Выбрать главу

Несмотря на то, что в основе деклинизма лежат истории о национальном крахе и утраченном богатстве, упадок обычно приводит к очень медленной корректировке национальных и глобальных иерархий. На макроуровне это подтверждают голландский и британский прецеденты. Богатство выходило из этих национальных систем лишь постепенно после их пиковых значений в 1700 и 1870 годах (Lachmann 434-436). Богатство британской элиты просуществовало гораздо дольше, чем ее формальная империя, как и глобально благоприятный образ жизни рядовых граждан Великобритании. Даже когда китайская экономика по своим размерам превзойдет американскую, китайский ВВП на душу населения будет оставаться значительно ниже американского ВВП на душу населения. Этот показатель измеряет, как люди живут и зарабатывают на самом деле. В настоящее время американцы в среднем в пять раз богаче китайских граждан (Hubbard and Kane 44). Проблема, конечно, заключается в плохом распределении этого богатства. Когда США были настоящим гегемоном, рост (заработной платы и собственности) происходил в центре. Начиная с 1970-х годов, почти весь рост благосостояния Америки пришелся на 5% американцев. Перед лицом такой асимметрии нетрудно понять, почему так много американцев вопреки логике верят в алармистский нарратив о национальном крахе и в обнадеживающий нарратив о долгосрочном национальном превосходстве. И в этом случае идеологические фантазии об американском богатстве имеют большее значение, чем факты, цифры или рациональные собственные интересы неэлитных избирателей.

 

Китаефобские аспекты упадка были и будут определяющими факторами в способности американцев противостоять постепенной, но фактической потере экономического превосходства. Другая сторона этой синофобии - набор фантазий, которые морализируют превосходство Запада/белых и рассматривают азиатское накопление как цивилизационную, а не только экономическую угрозу. Цивилизационные маркеры китайскости (конфуцианство или коммунизм) лишь частично маскируют расовую фобию, лежащую в основе публичной риторики о том, что Китай затмевает Америку. Безусловно, американофобии было предостаточно и в Великобритании с 1890-х годов до середины XX века. В ней прослеживались те же страхи утраченного величия и национального затмения. Но в ней также преобладал нарратив преемственности от одной либеральной англофонской сверхдержавы к другой. Англосаксонские "особые отношения" сгладили довольно резкий сдвиг в глобальном балансе сил.

Сейчас, когда власть переходит от Америки к Азии, подобные фантазии о преемственности эстафетной палочки не смягчат удар утраченного величия.
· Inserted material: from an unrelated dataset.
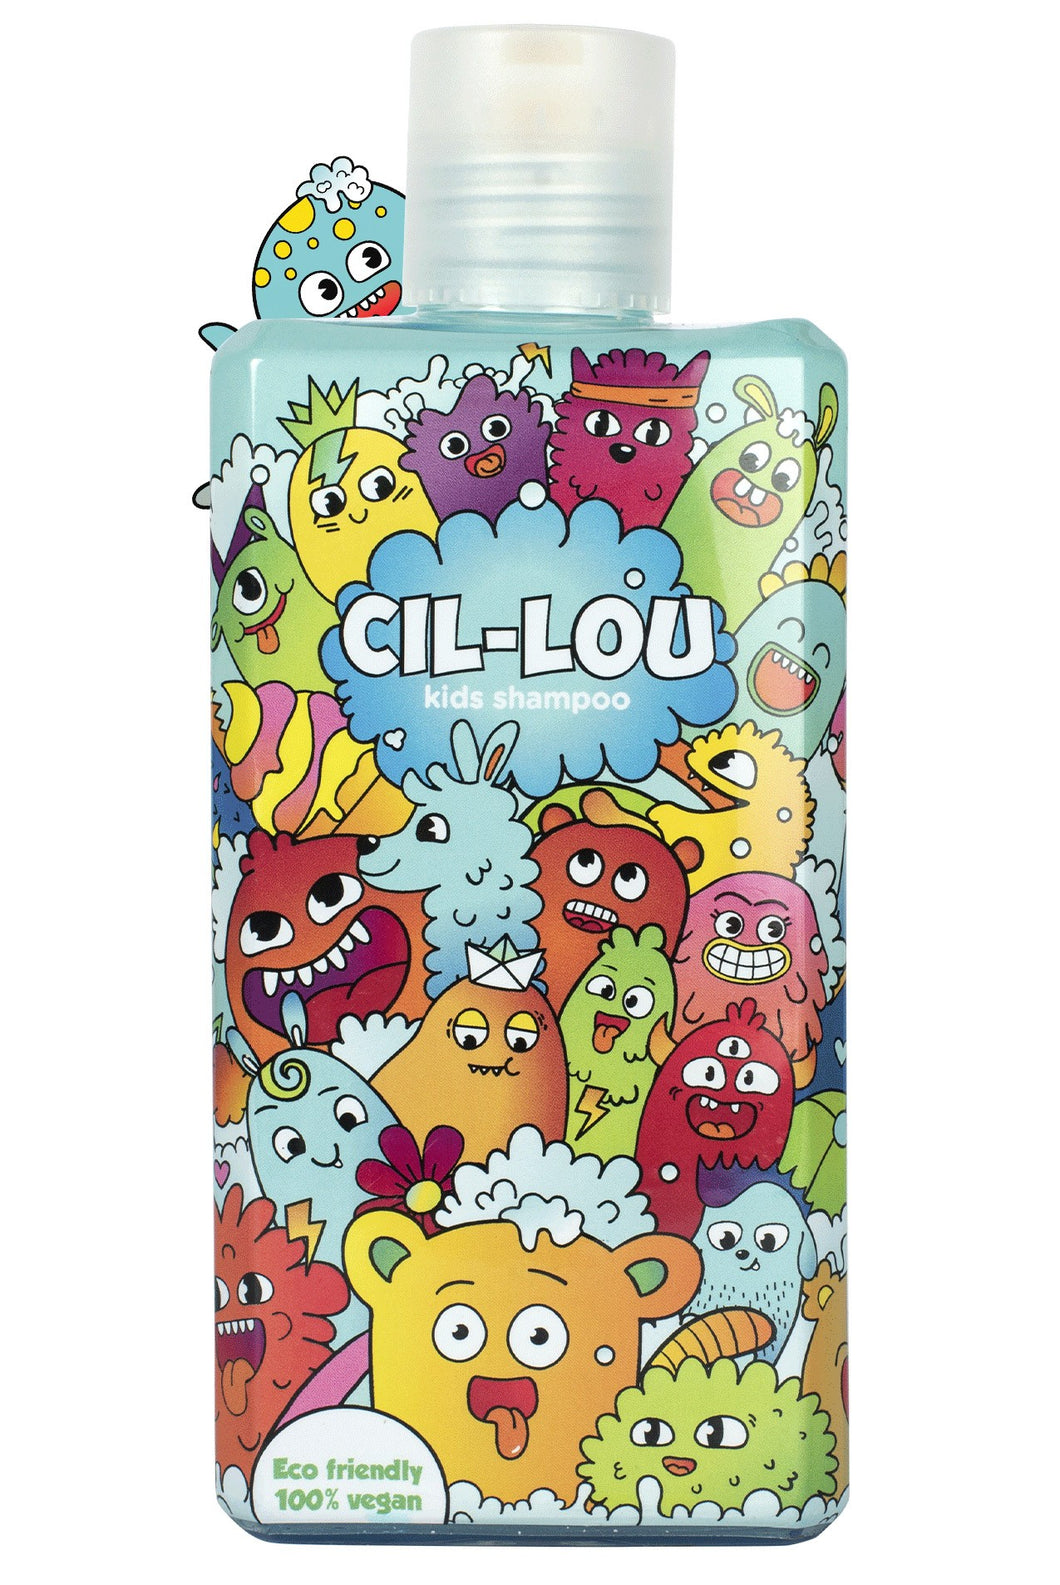 Cil-Lou - Kids shampoo - Octo -20%
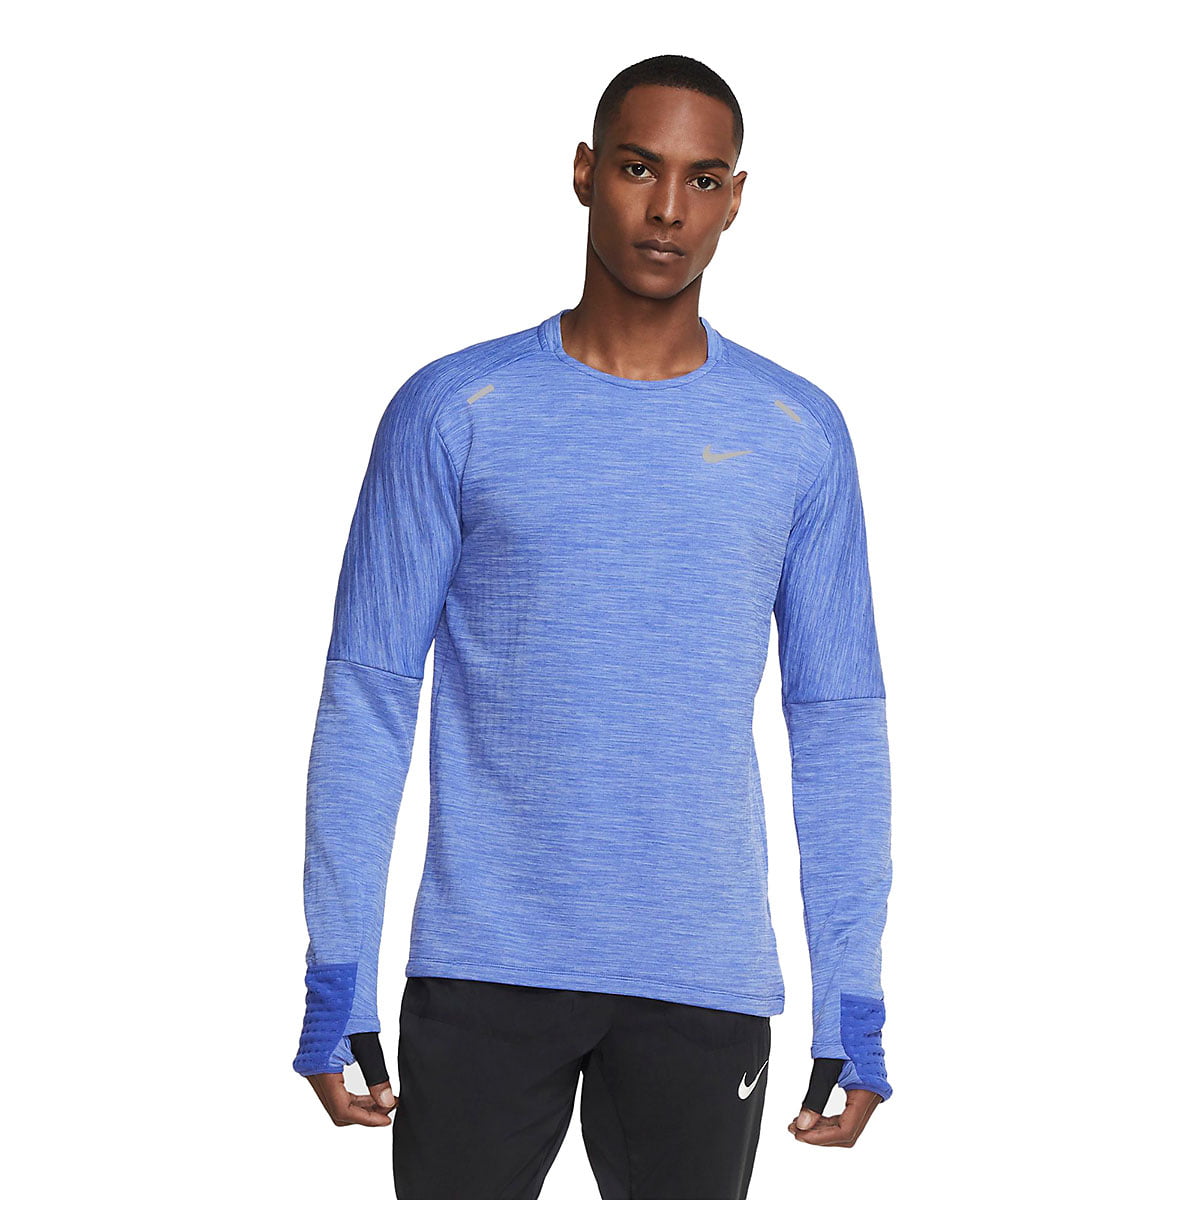 Mangel Kwaadaardig ik zal sterk zijn Nike Men's Sphere Element Crew 3.0 Long Sleeve Running Shirt (Lapis, Large)  - Walmart.com

Правда, между китайским и американским капитализмами существует необходимая кооперативная взаимозависимость. Но культурно организованного партнерства, подобного тому, что было создано между Великобританией и США в Бреттон-Вудсе, скорее всего, не будет. В культурном плане ситуация все еще остается беспрецедентной. Америка была братским преемником Великобритании; Китай - стратегический соперник Америки. Над будущим глобальной власти нависает фобический культурный нарратив, кристаллизующийся в понятии "постзападного" мира.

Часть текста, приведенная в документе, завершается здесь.